At the same time, Tehran charged that eight U.S. helicopters had fired on their troops during the Iraqi offensive, and that Kuwait had allowed Iraqi forces to use its Bubiyan Island as a base for helicopter sorties. The Iranians vowed swift retribution against what one spokesman called the “Baghdad-Kuwait-Washington axis”—and launched a Soviet-made Scud missile at a Kuwaiti oilfield, missing the mark. On Friday the Iraqis reported that they had sunk a medium-sized Iranian vessel in the Gulf. And the U.S. navy reported destroying five more mines, bringing to 13 the total detonated since one struck the Samuel Roberts.

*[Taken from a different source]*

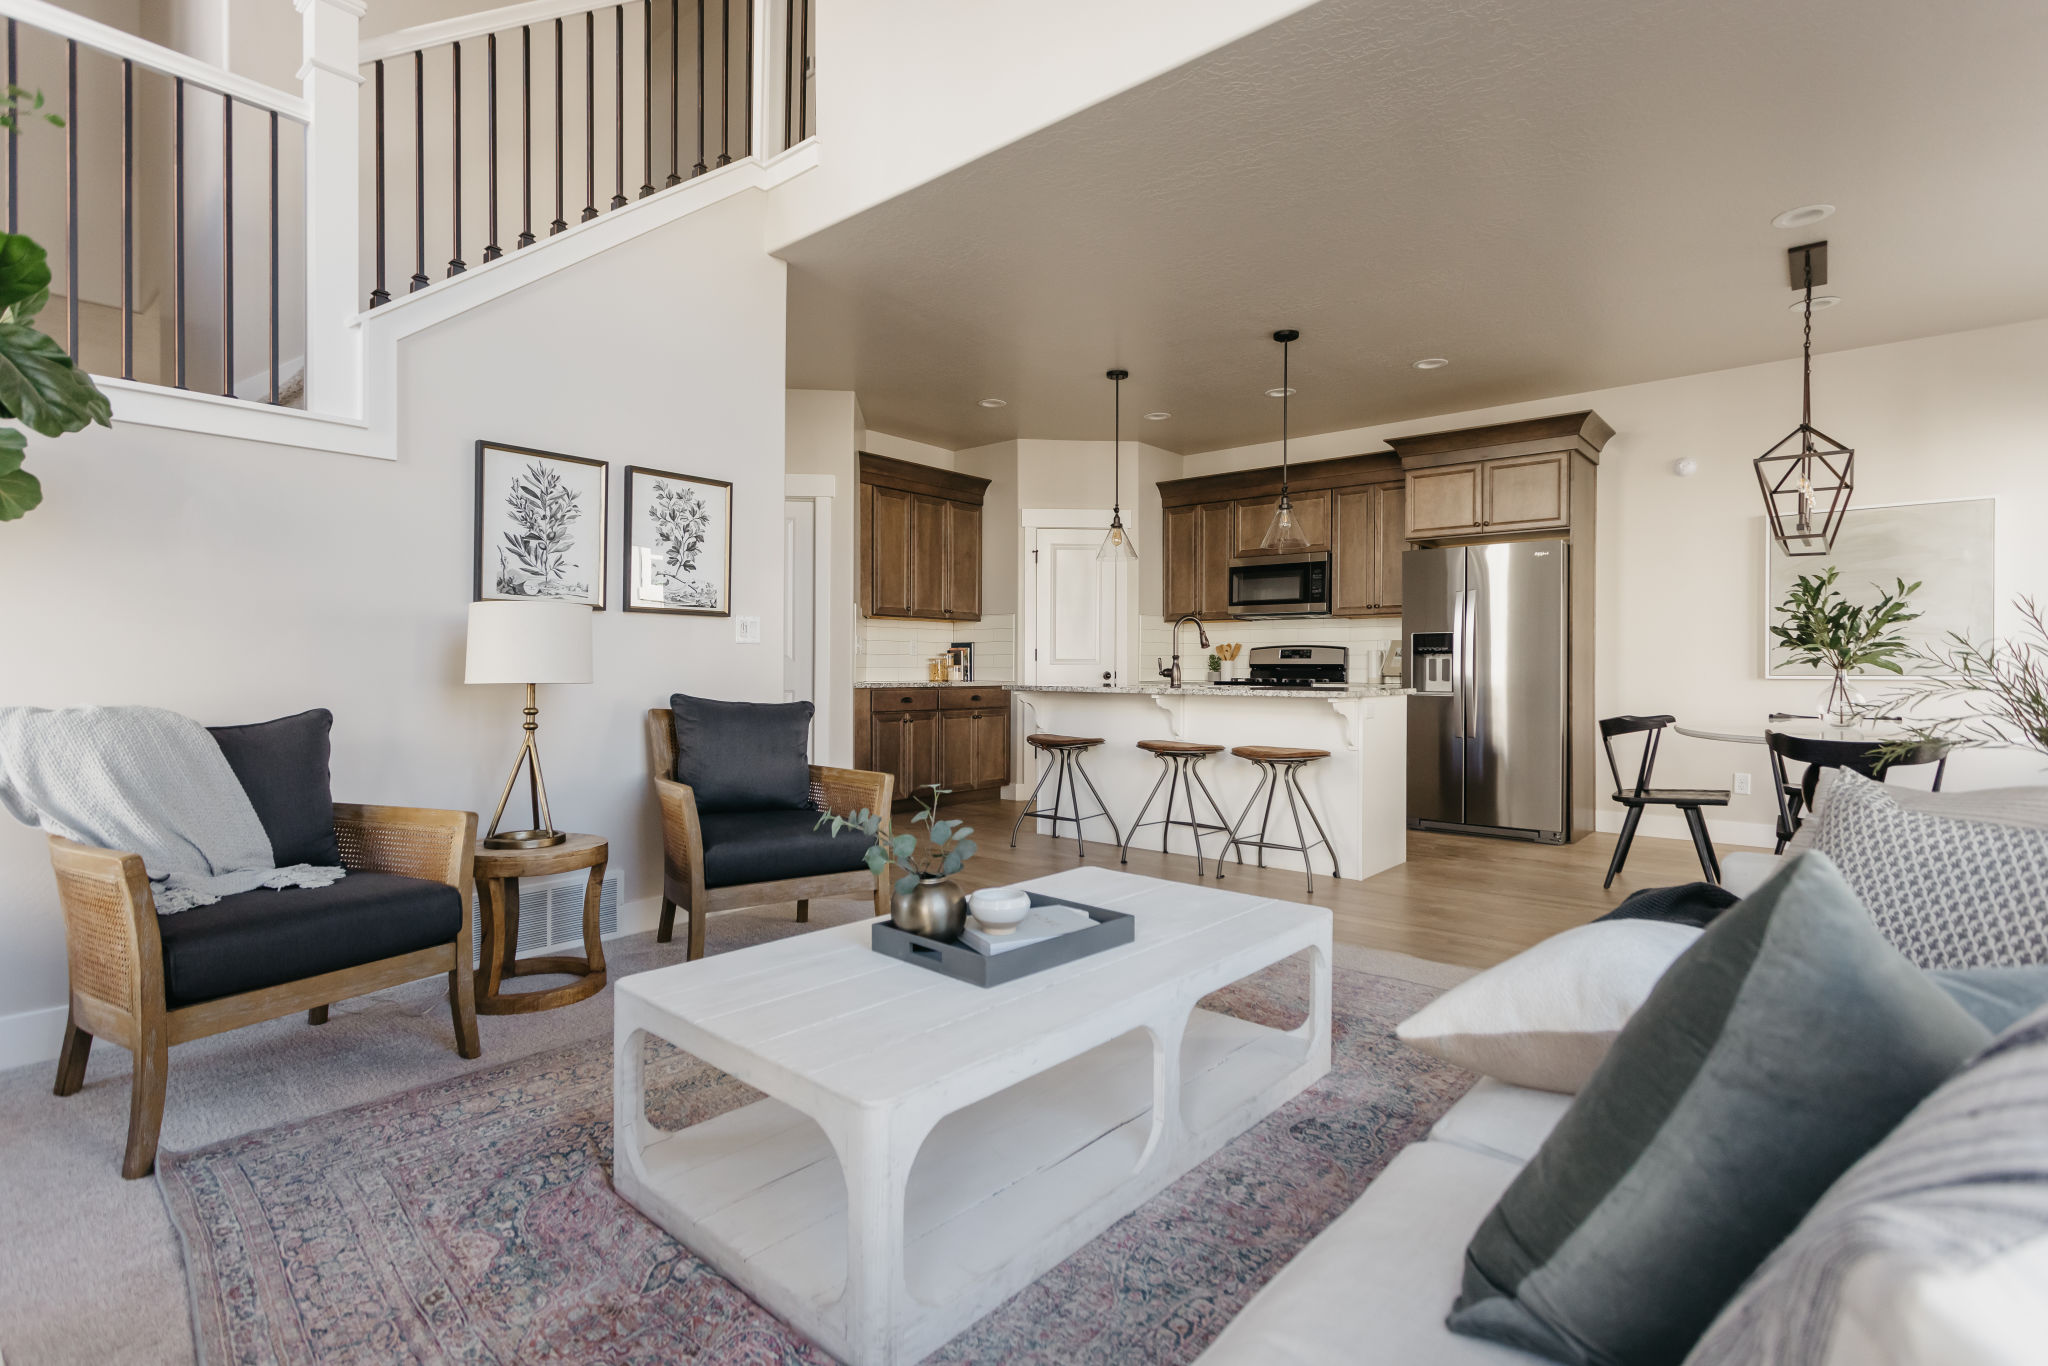 EdgeHomes: The Exchange Townhomes
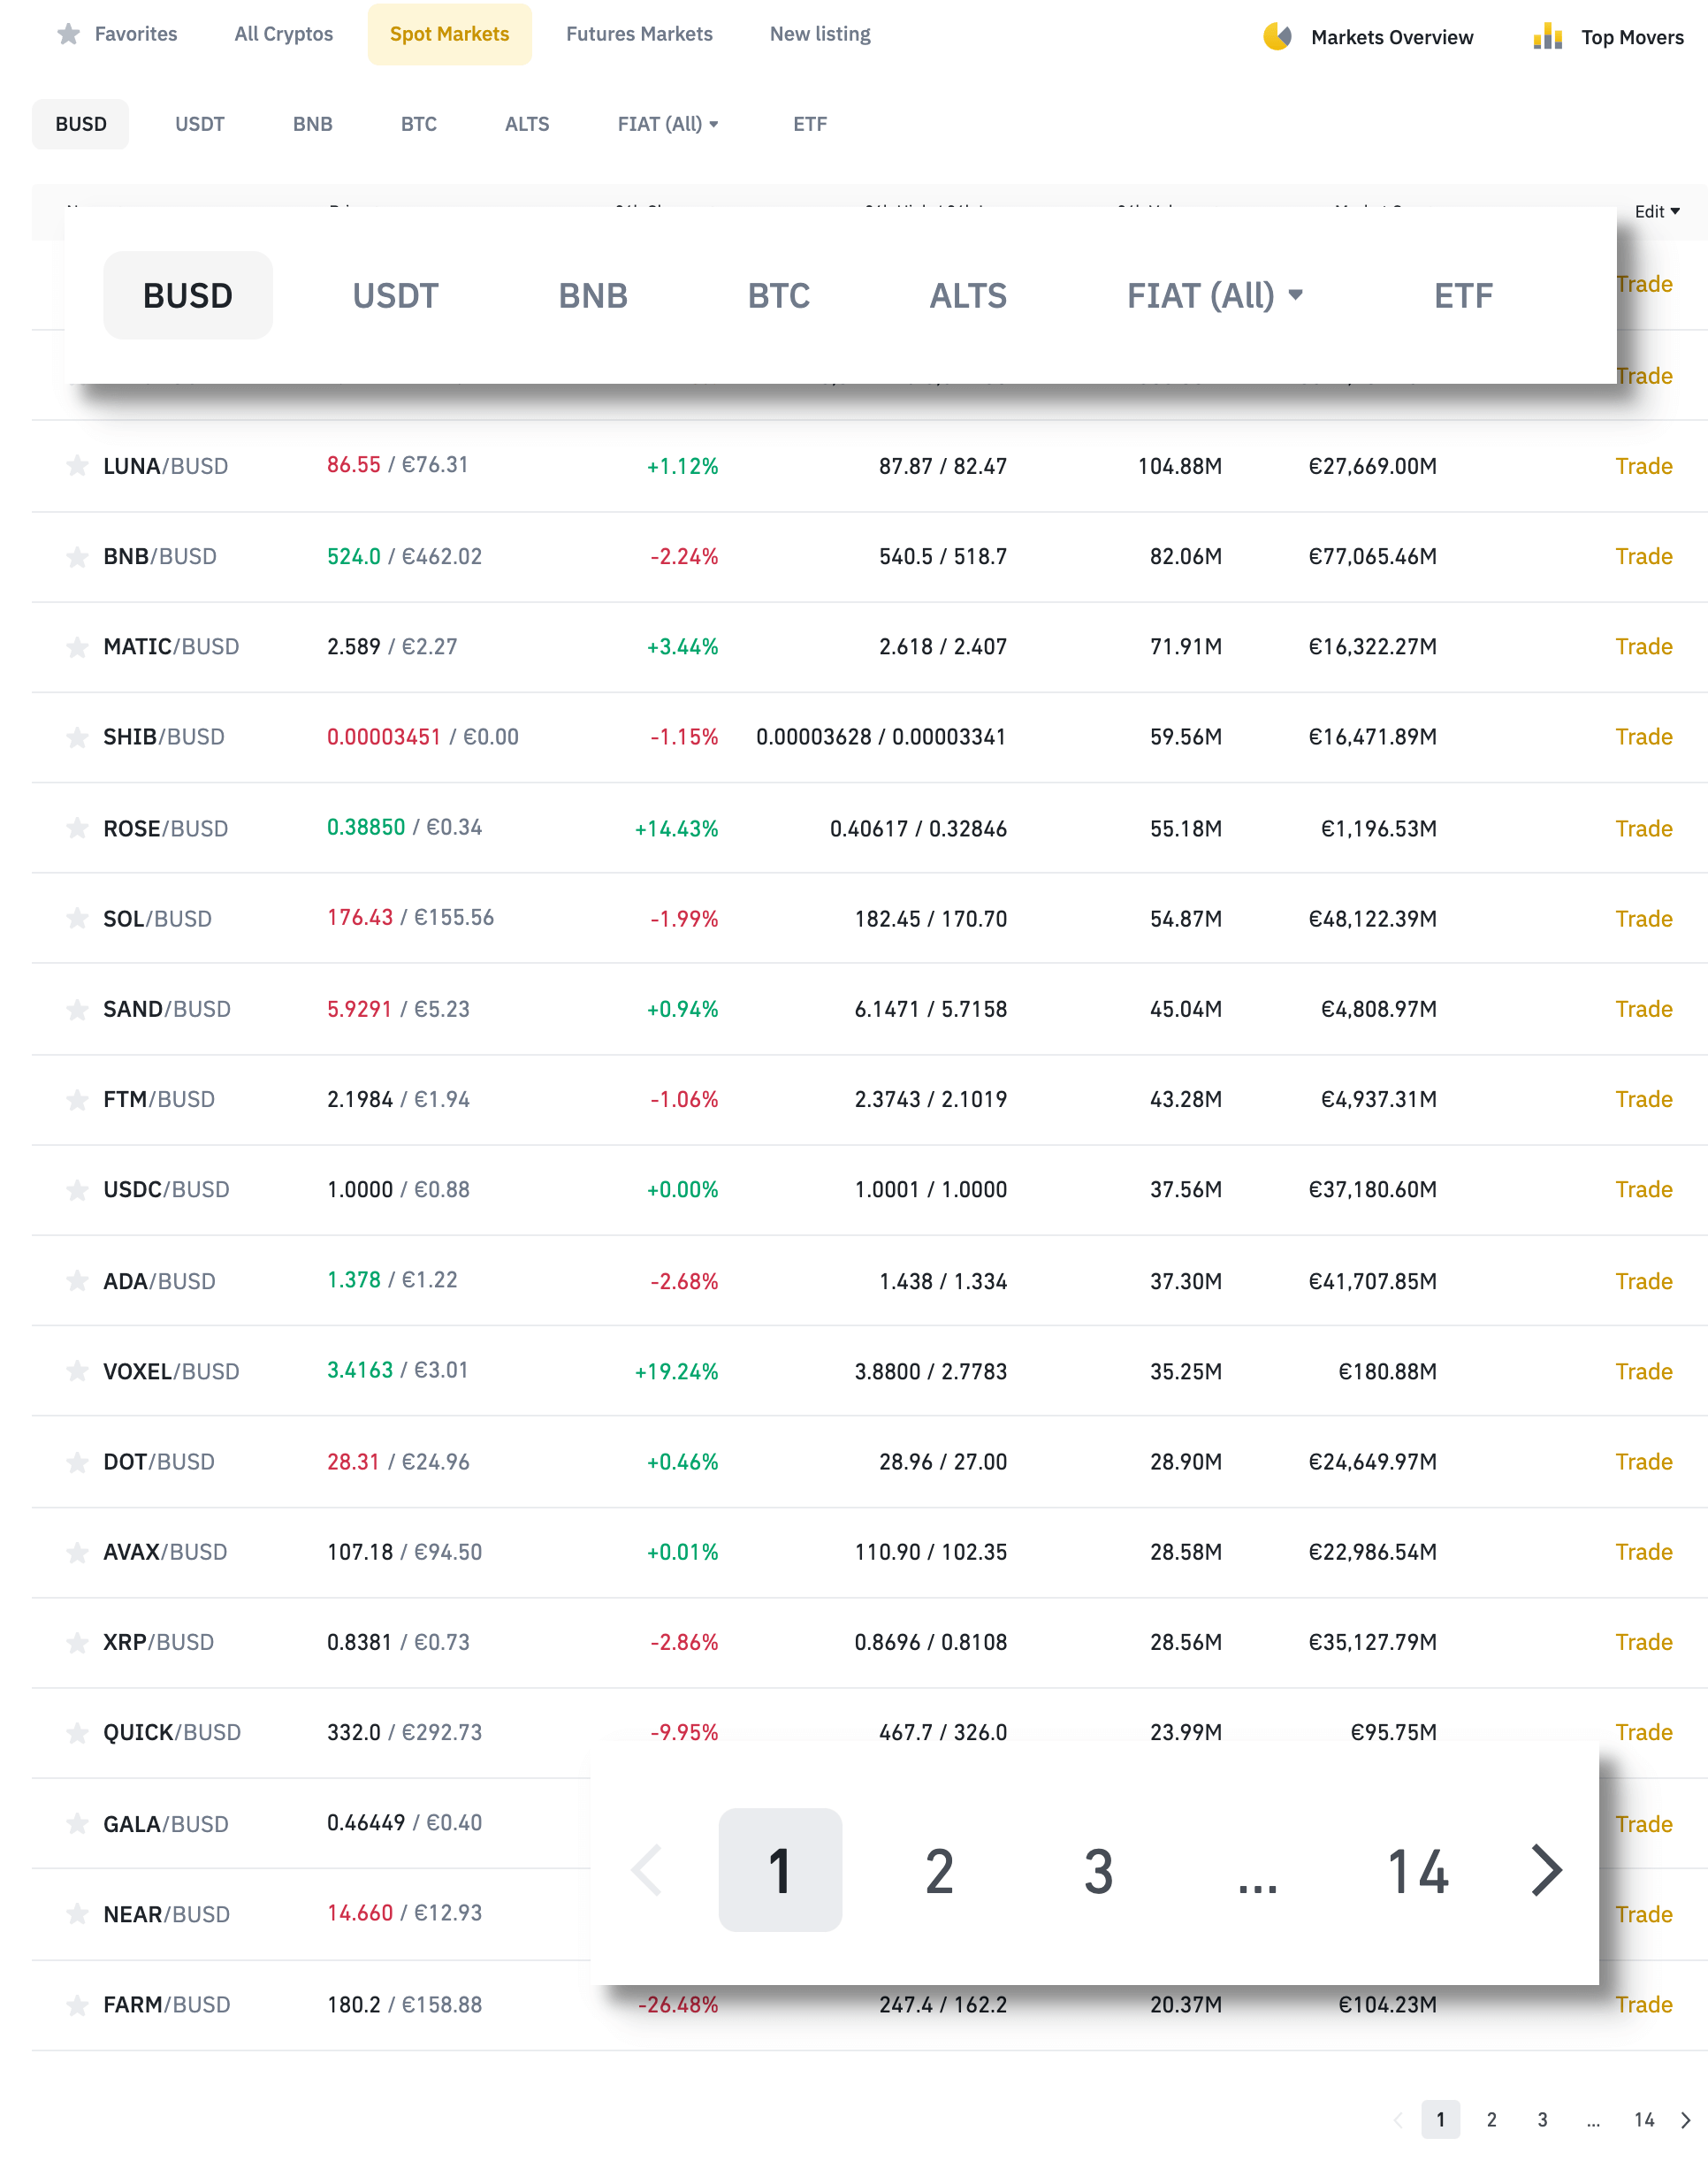 View of Binance trading pairs for the spot market. It can be seen that there are trading pairs for BUSD, USDT, BNB, BTC, ALTS, FIAT and ETF. For BUSD alone, there are 14 pages with 20 trading pairs each.

Despite their losses, some observers speculated that the Iranians would strike back. The war, with its seemingly endless loss of life and bombing of cities—as well as the Iraqis’ use of poison gas—has put enormous pressure on the regime of Ayatollah Ruholla Khomeini. Shahrough Akhavi, professor of government at the University of South Carolina, predicted last week that Iran would launch terrorist attacks against American military targets in Europe or Asia. “I think the Iranians will try to Americanize the war with Iraq,” said Akhavi.

Indeed, some U.S. analysts questioned whether Washington could afford to provoke the hard-pressed Iranians any further. “We are at a crossover point right now,” warned James Bill, director of the Centre for International Studies at the College of William and Mary in Williamsburg, Va. “If America kills large numbers of Iranians and gets into a deeper conflict, there will be American deaths. America will bleed. This is not Grenada out there.” As the world waited for the Iranians to retaliate, the possibility of an even larger Gulf War—however unlikely—continued to loom.